**Your goal**
Your answer must match, word for word, the lines from the one holding "Quogue Village Mayor" through the final line below, with pictures excluded.

**Raw data**
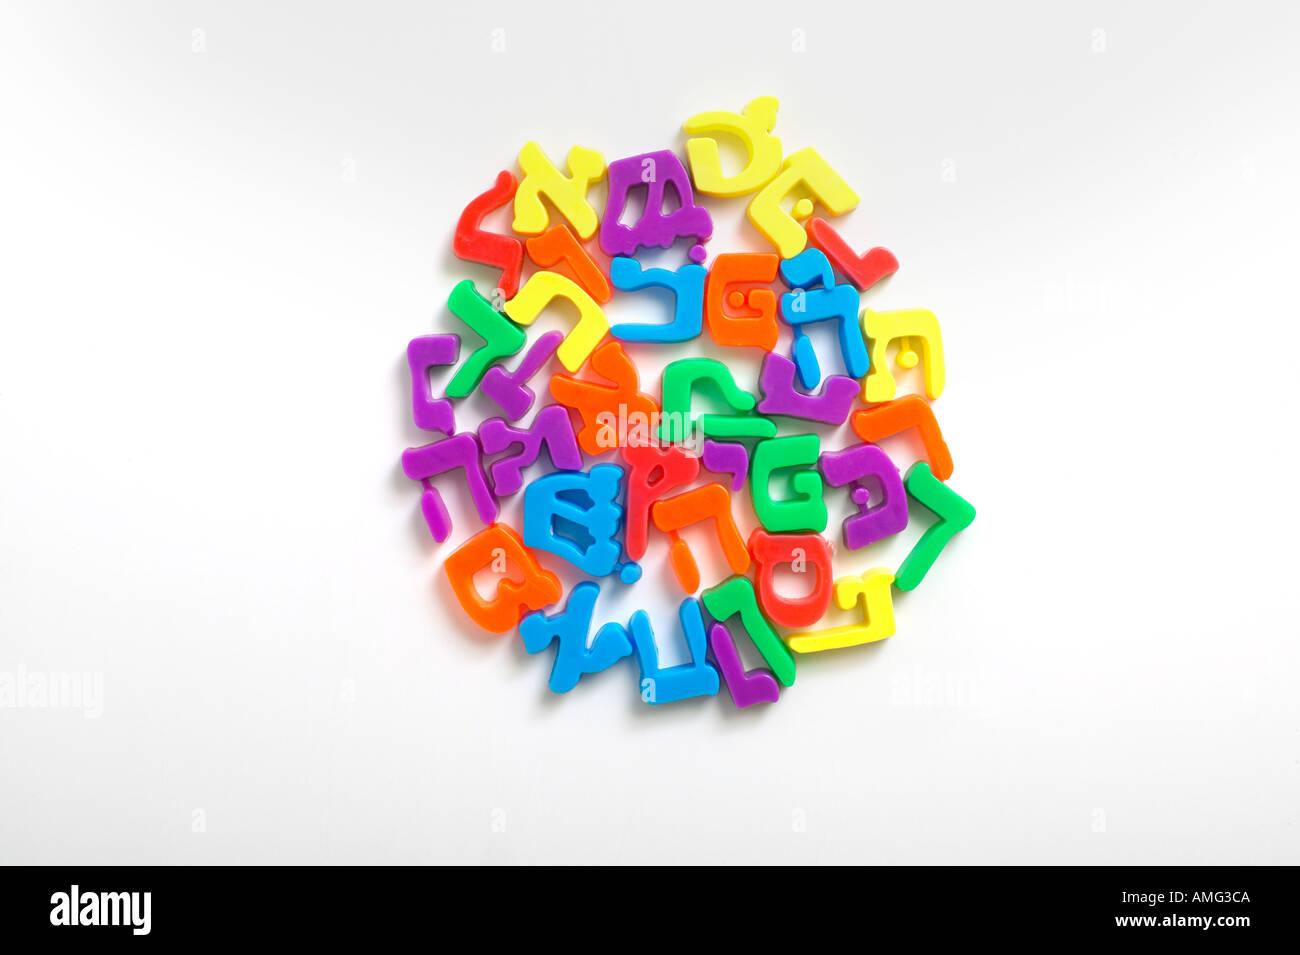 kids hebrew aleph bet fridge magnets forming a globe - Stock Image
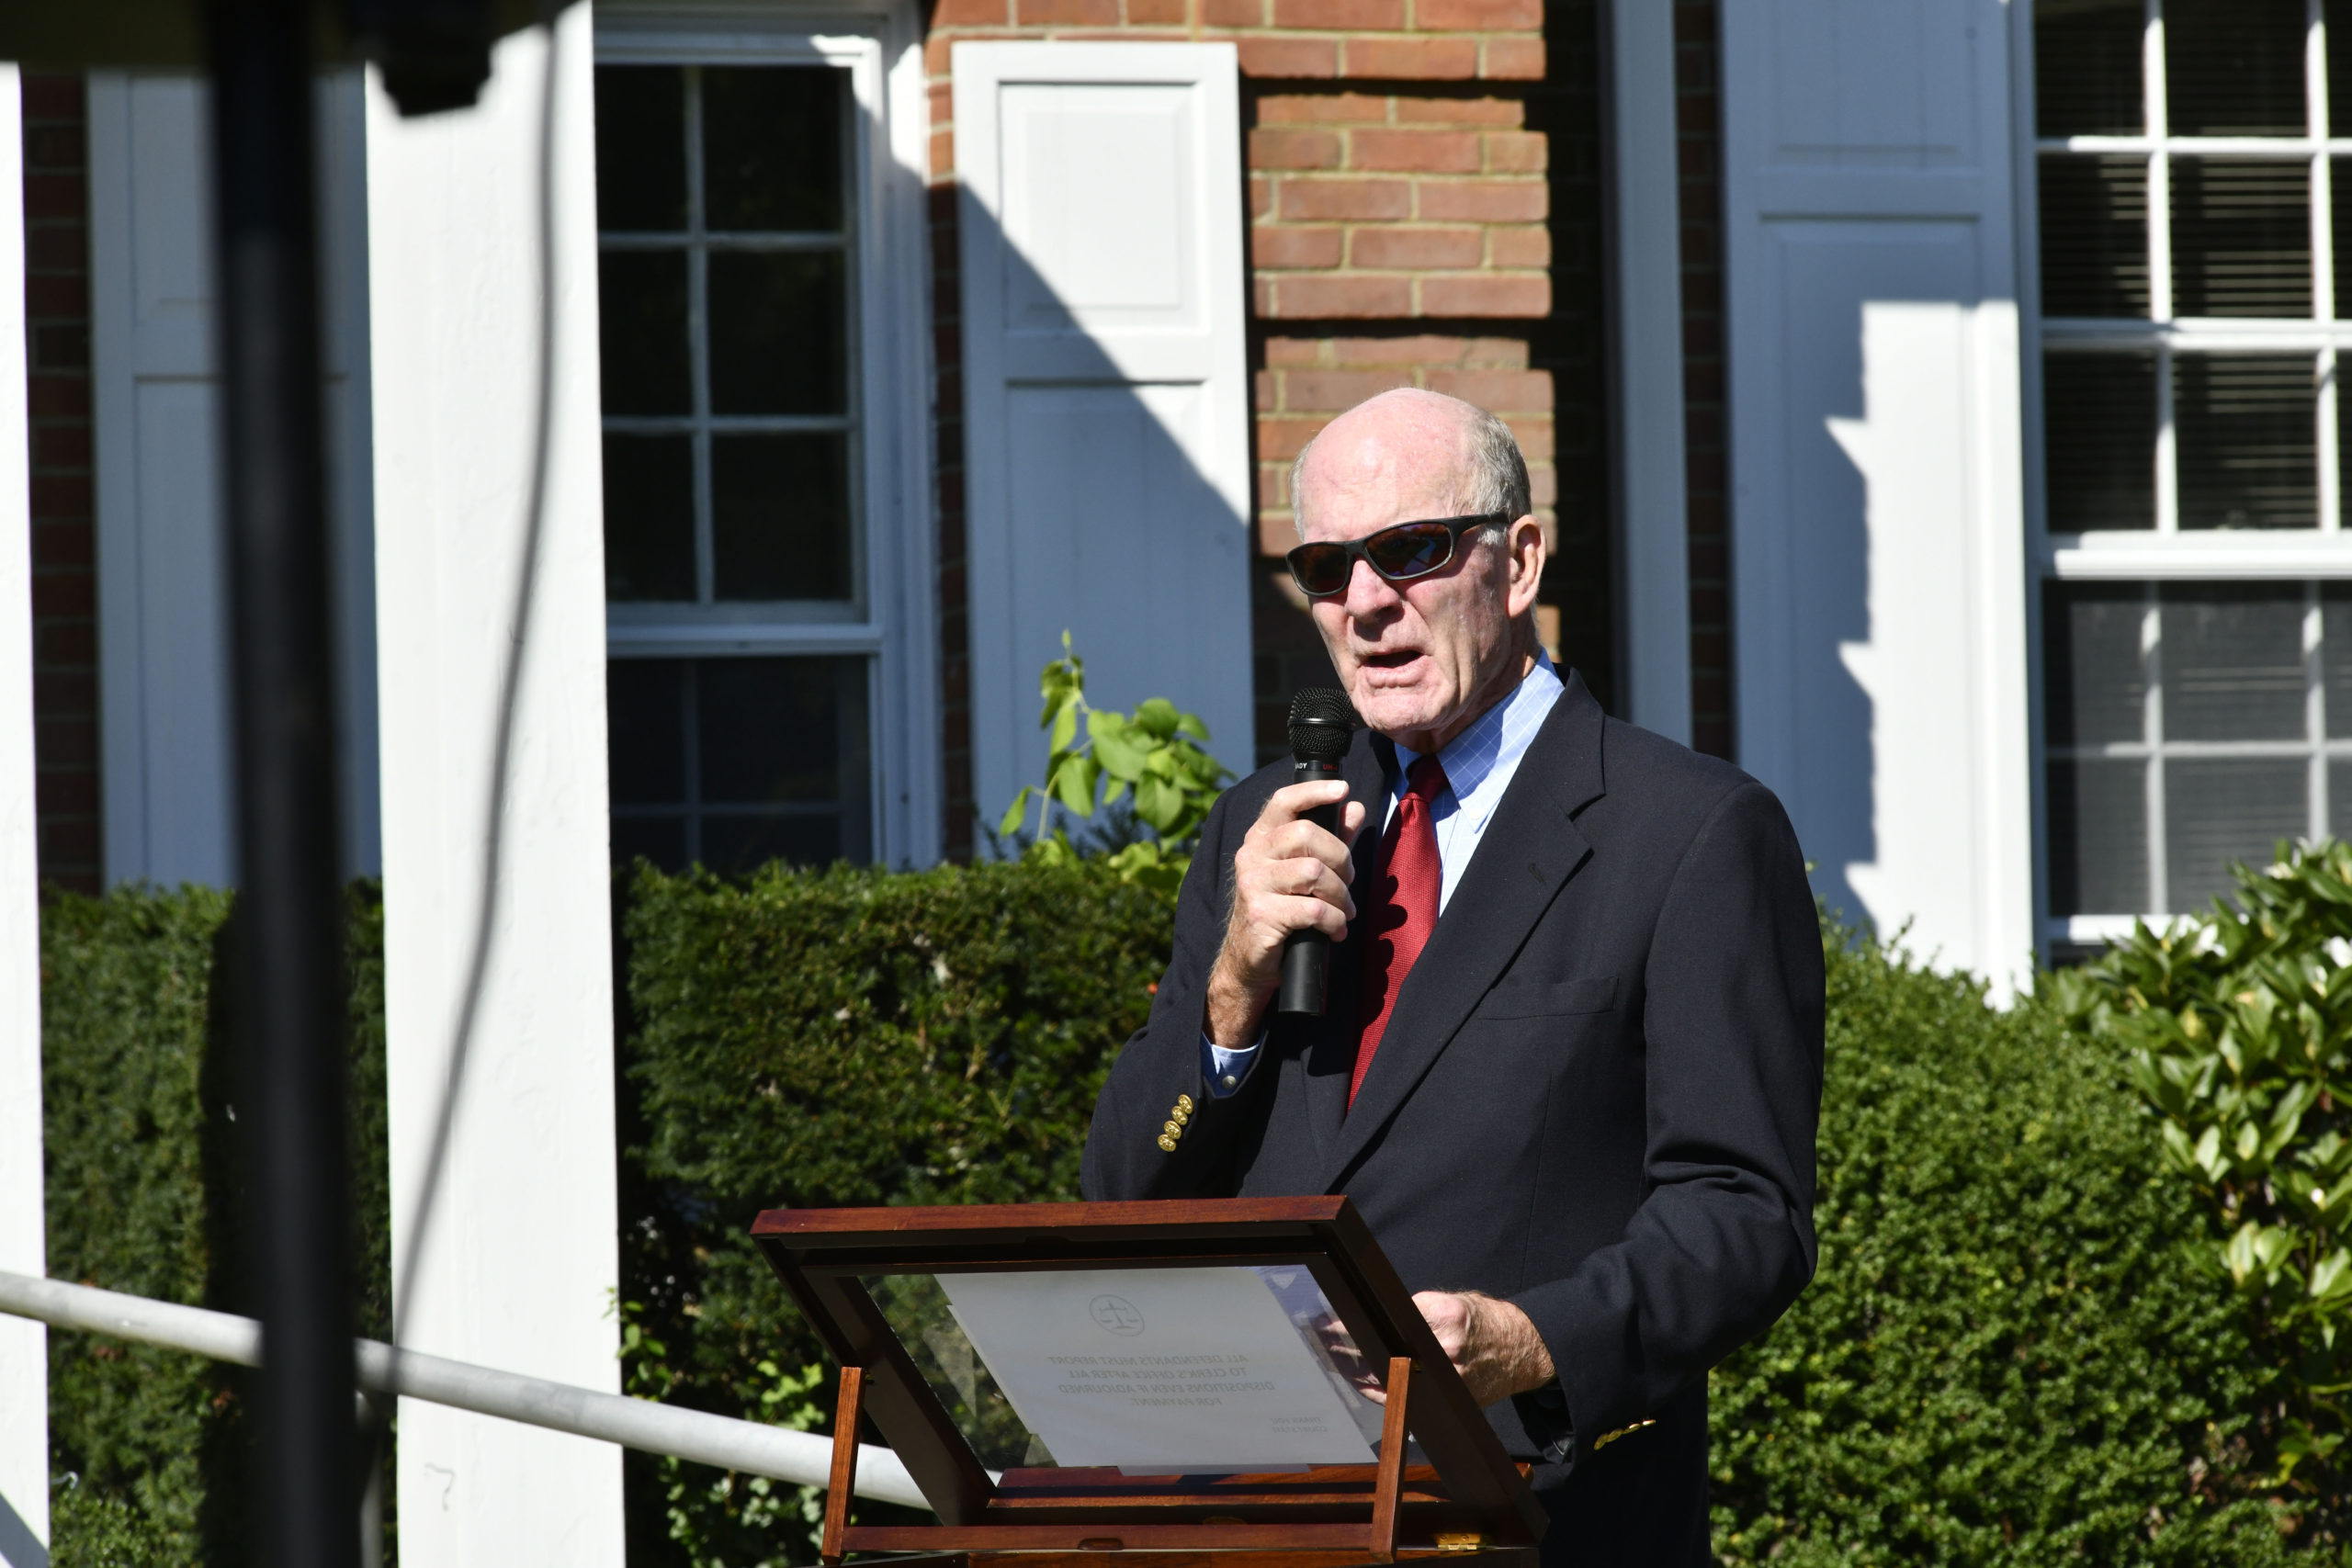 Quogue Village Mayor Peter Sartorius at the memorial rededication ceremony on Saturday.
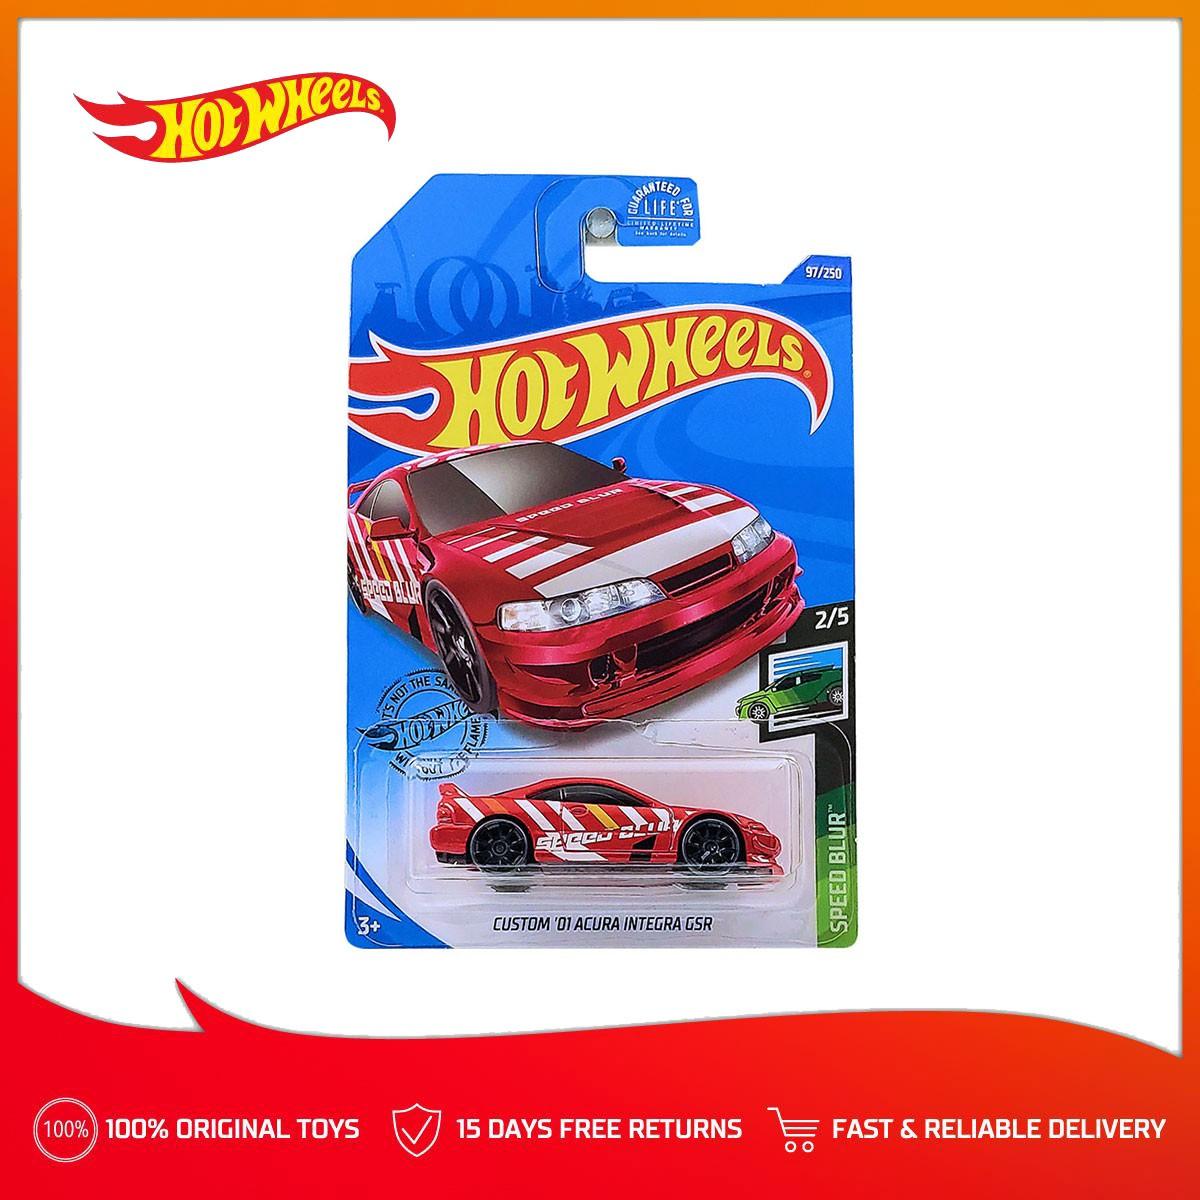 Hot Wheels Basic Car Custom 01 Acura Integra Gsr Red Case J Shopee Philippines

**Response to this exercise**
 Quogue Village Mayor Peter Sartorius at the memorial rededication ceremony on Saturday.
 Hot Wheels Basic Car Custom 01 Acura Integra Gsr Red Case J Shopee Philippines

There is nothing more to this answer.